The timing is important as the announcement coincides with its need to reduce dependence on China amid ongoing U.S.-China trade tensions. India has a favorable regulatory space and is coupled with the government’s Production-Linked Incentives (PLIs) that provides a compelling case for Apple’s entry into R&D and manufacturing support. Setting up Apple Operations India is an astute response to such dynamics.
Apple Operations India will handle procurement, lease facilities, hire engineers for hardware development and provide critical failure analysis for group companies. Apple has even issued a “letter of comfort” to assure financial and operational support for the subsidiary. It indicates that the company views this as a sustained and strategic investment. The move may finally allow India to take part in Apple’s hardware design and testing. It is to further integrate India into Apple’s innovation pipeline.
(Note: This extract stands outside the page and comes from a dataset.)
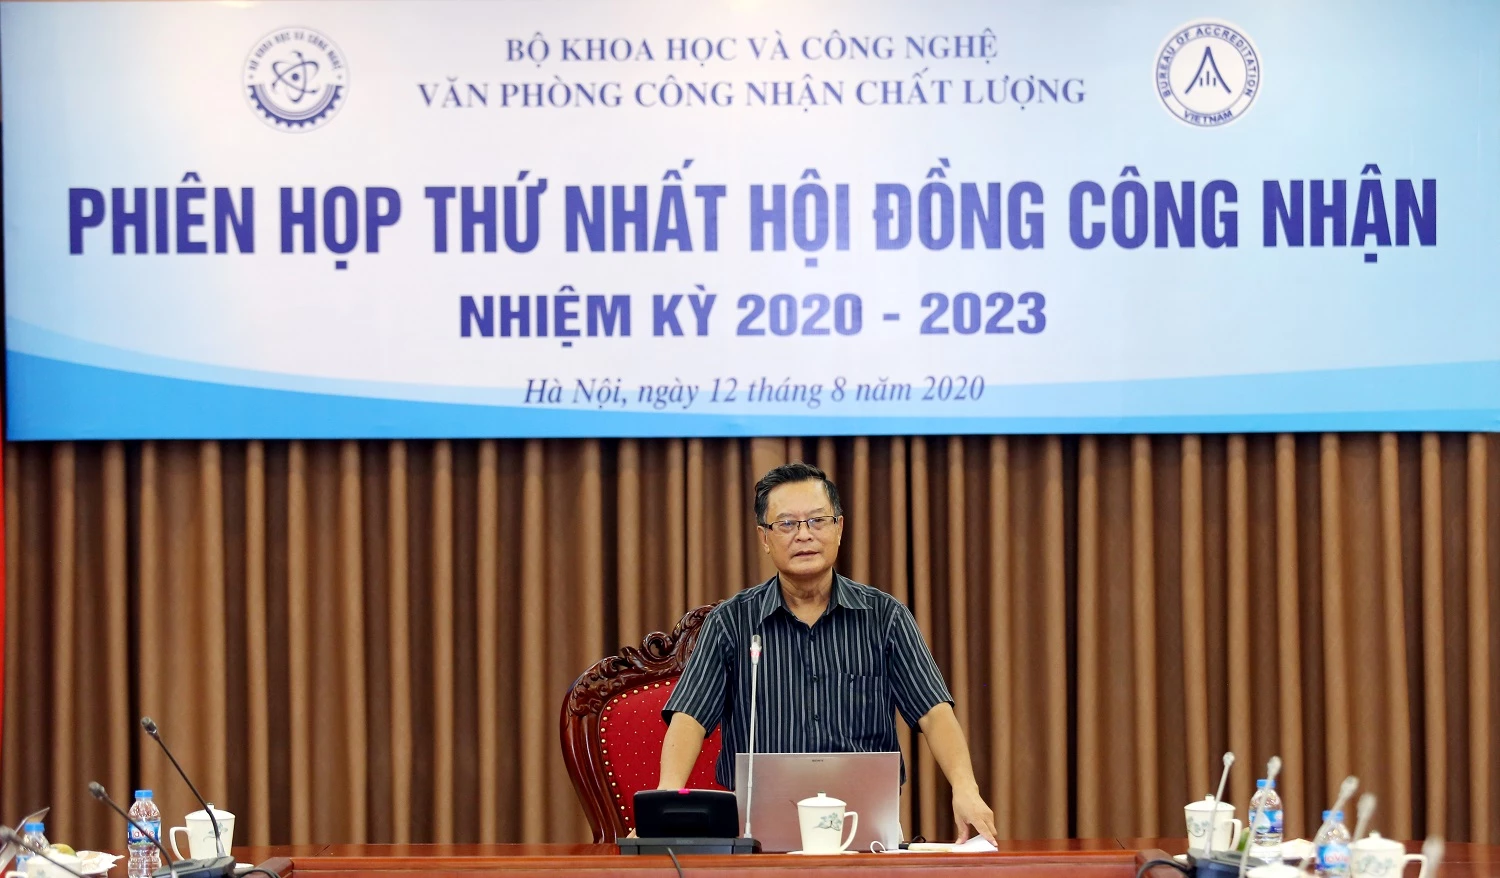 PGS.TS Đoàn Năng, Chủ tịch Hội đồng công nhận phát biểu tại Phiên họp.

Apple Operations India is currently equipped with capital work-in-progress worth INR 38.2 crore and fixed assets of INR 36.8 crore. Industry observers such as AltInfo founder Mohit Yadav believe that it is Apple’s signal to its intent to make India an integral part of its ecosystem beyond sales and assembly. The significance of such move becomes further clear if considered Apple’s partnerships with Foxconn, Pegatron and Tata-owned Wistron that enabled to scale production locally.